* Data extract:
- - -
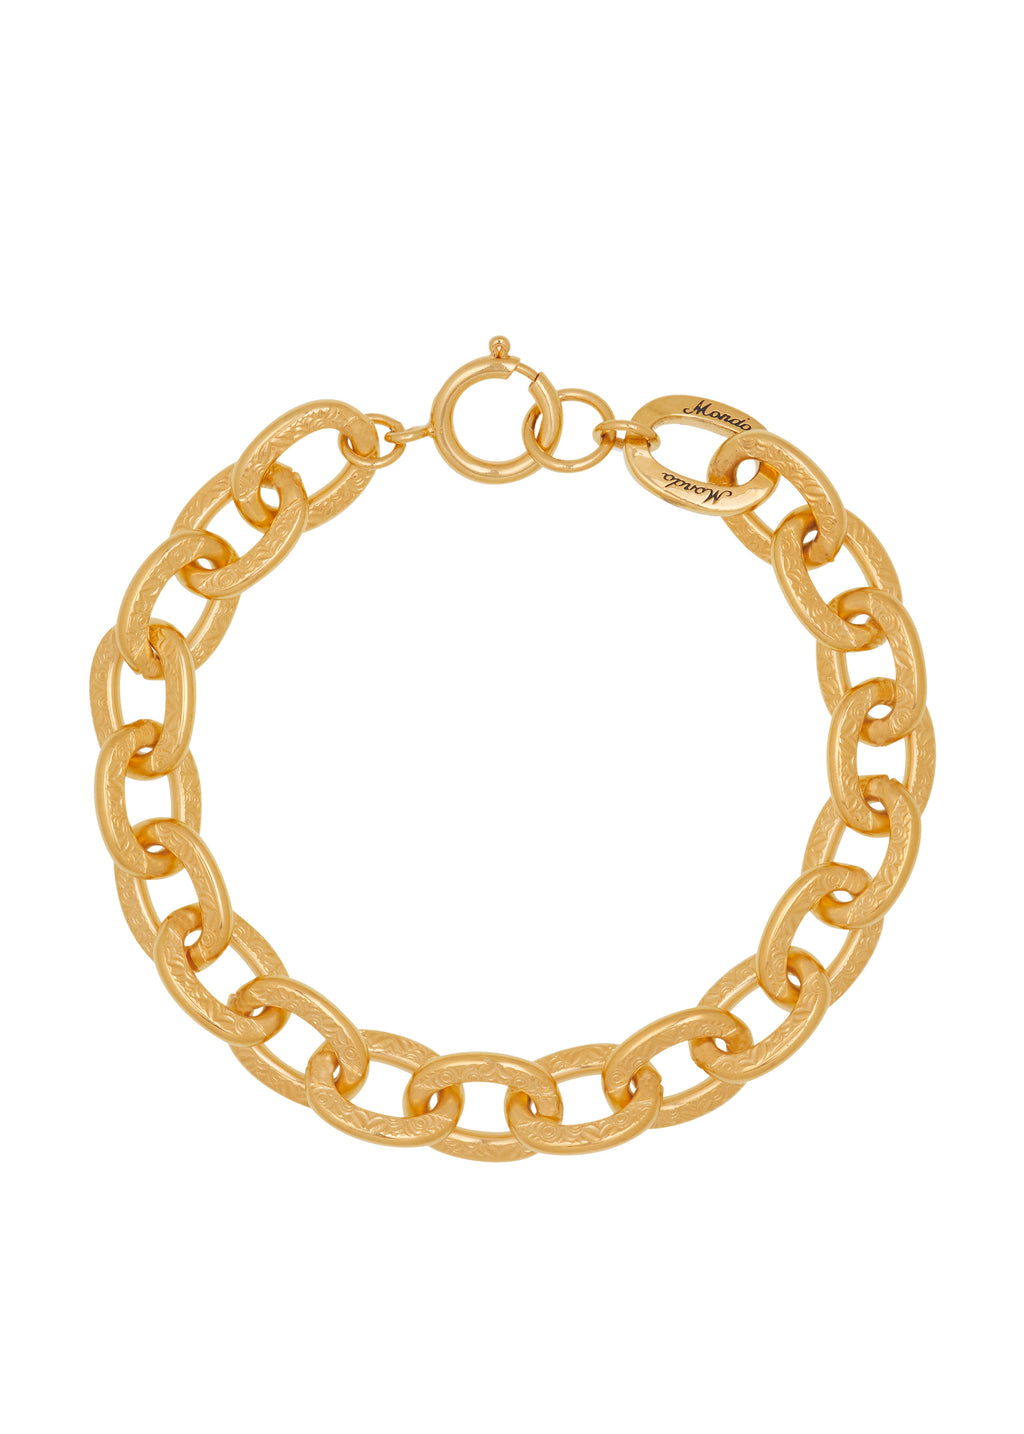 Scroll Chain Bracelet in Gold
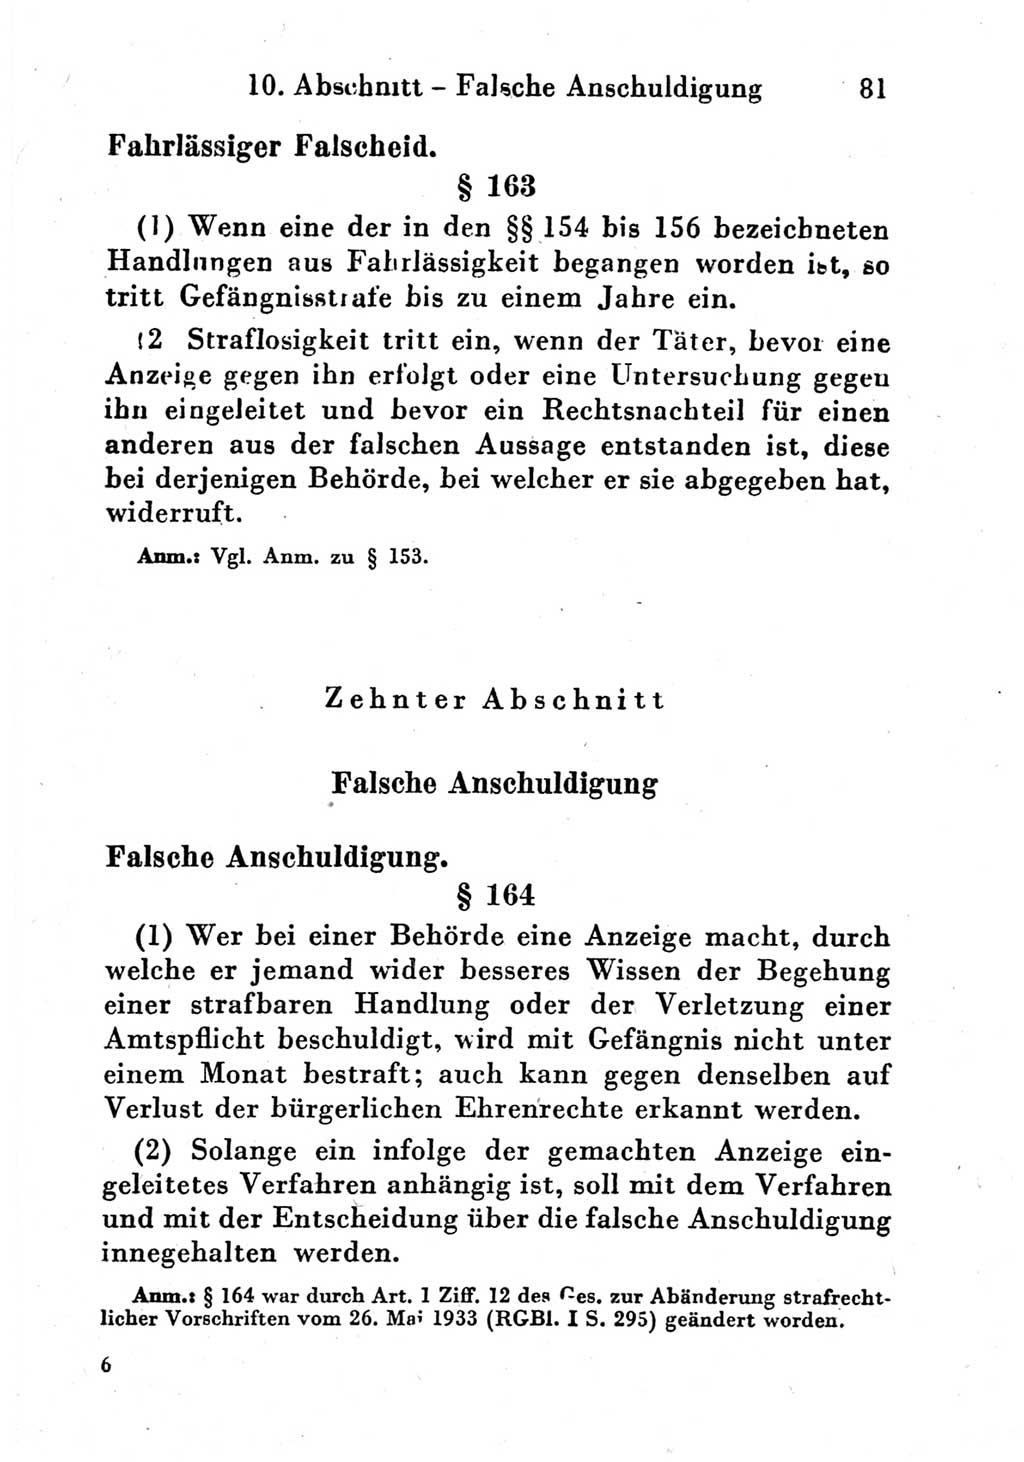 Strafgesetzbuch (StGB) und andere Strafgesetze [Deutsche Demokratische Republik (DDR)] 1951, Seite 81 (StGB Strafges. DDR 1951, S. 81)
- - -
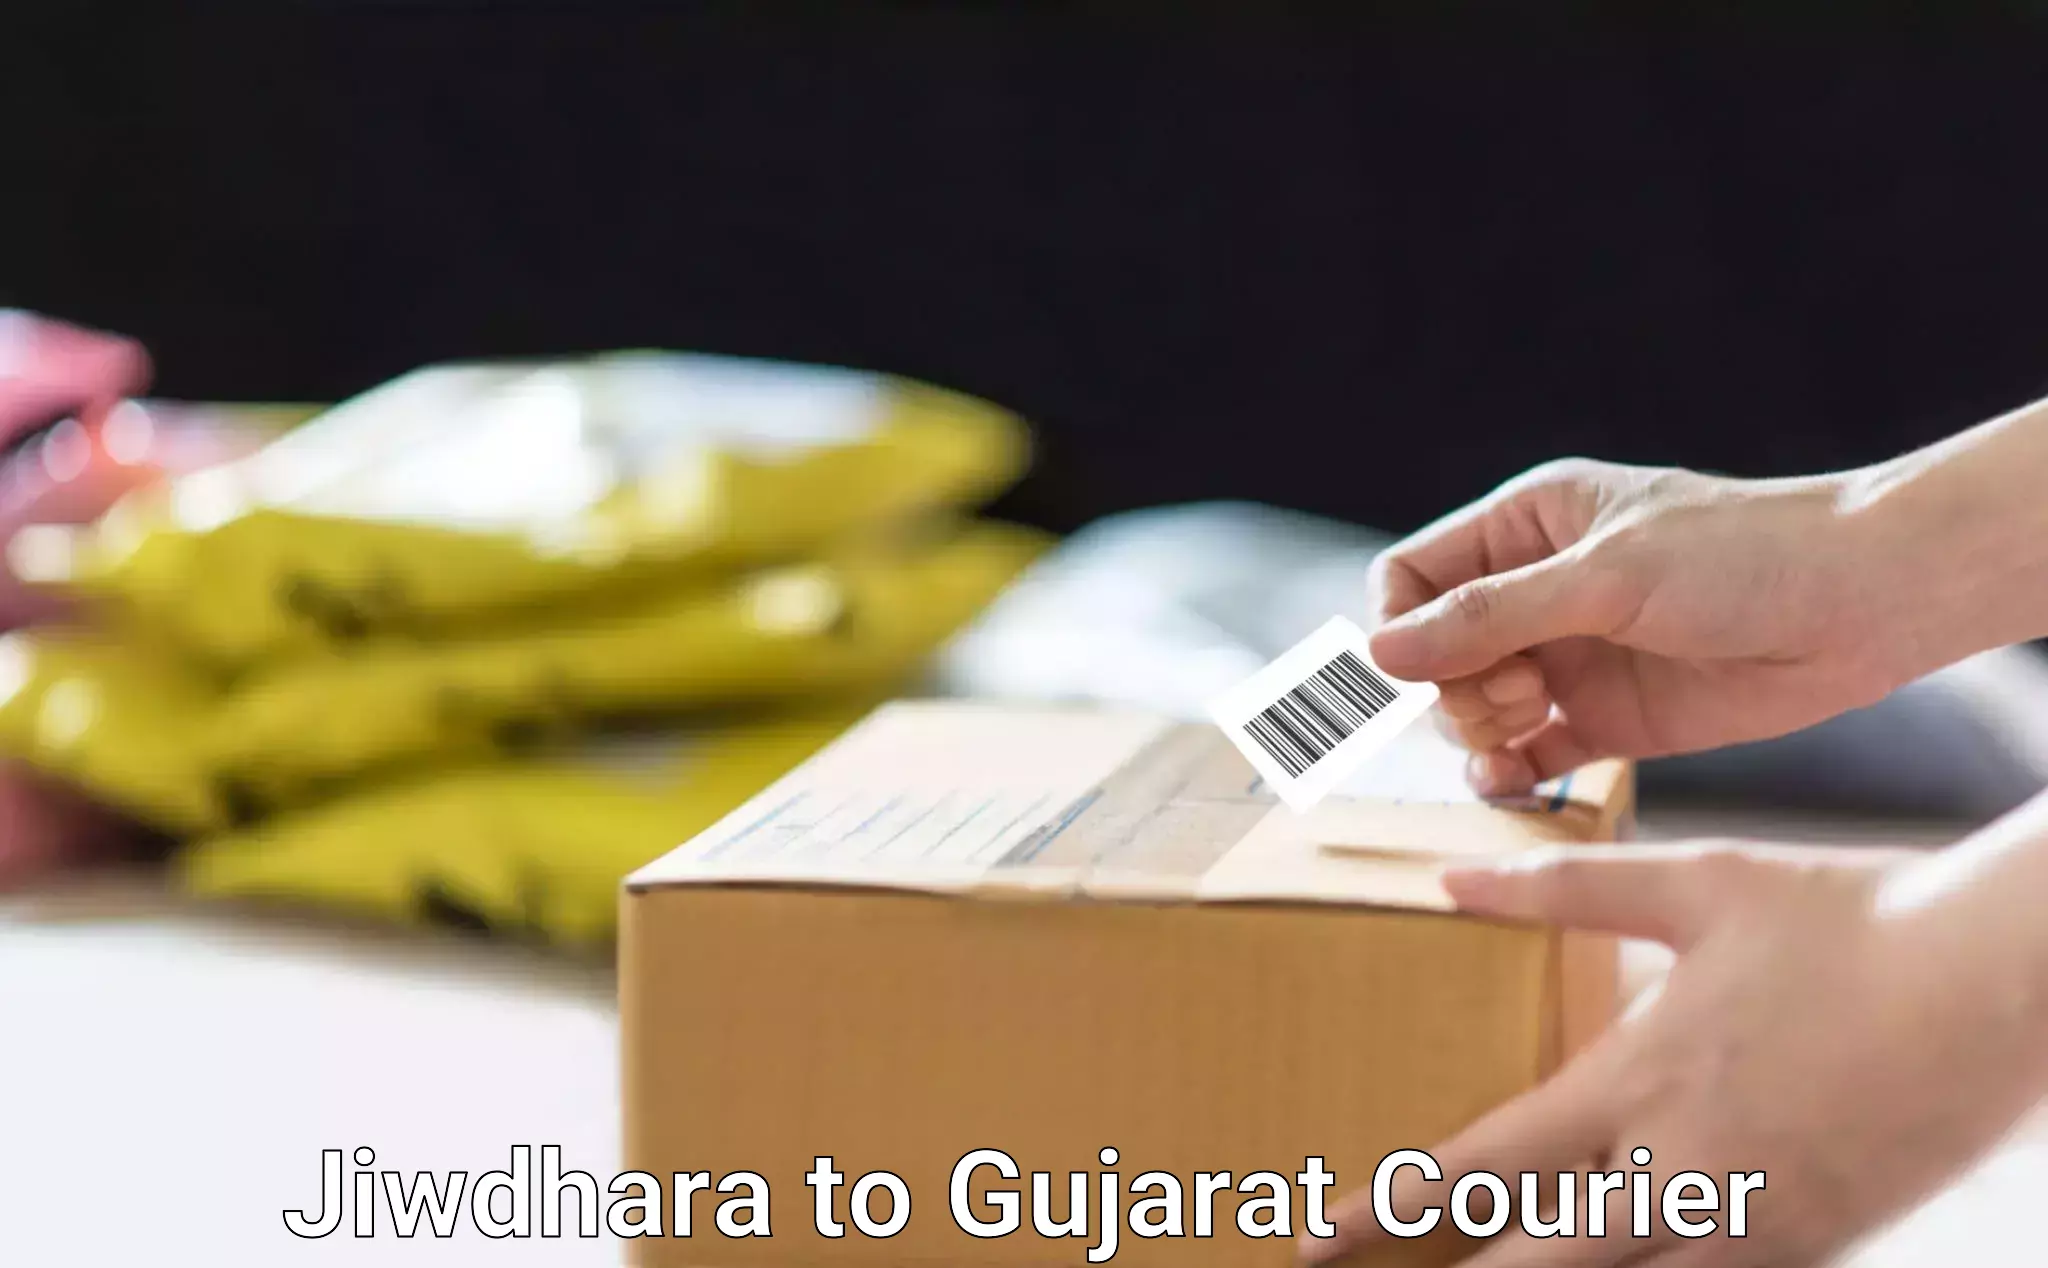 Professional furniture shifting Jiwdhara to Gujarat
- - -
* Work order: Write down exactly what the lines above say, from the line holding "Scroll Chain Bracelet in Gold" through the line holding "Strafgesetzbuch (StGB) und", and nothing more. Do not copy the pictures.

* Response to this exercise:
 Scroll Chain Bracelet in Gold
 Strafgesetzbuch (StGB) und andere Strafgesetze [Deutsche Demokratische Republik (DDR)] 1951, Seite 81 (StGB Strafges. DDR 1951, S. 81)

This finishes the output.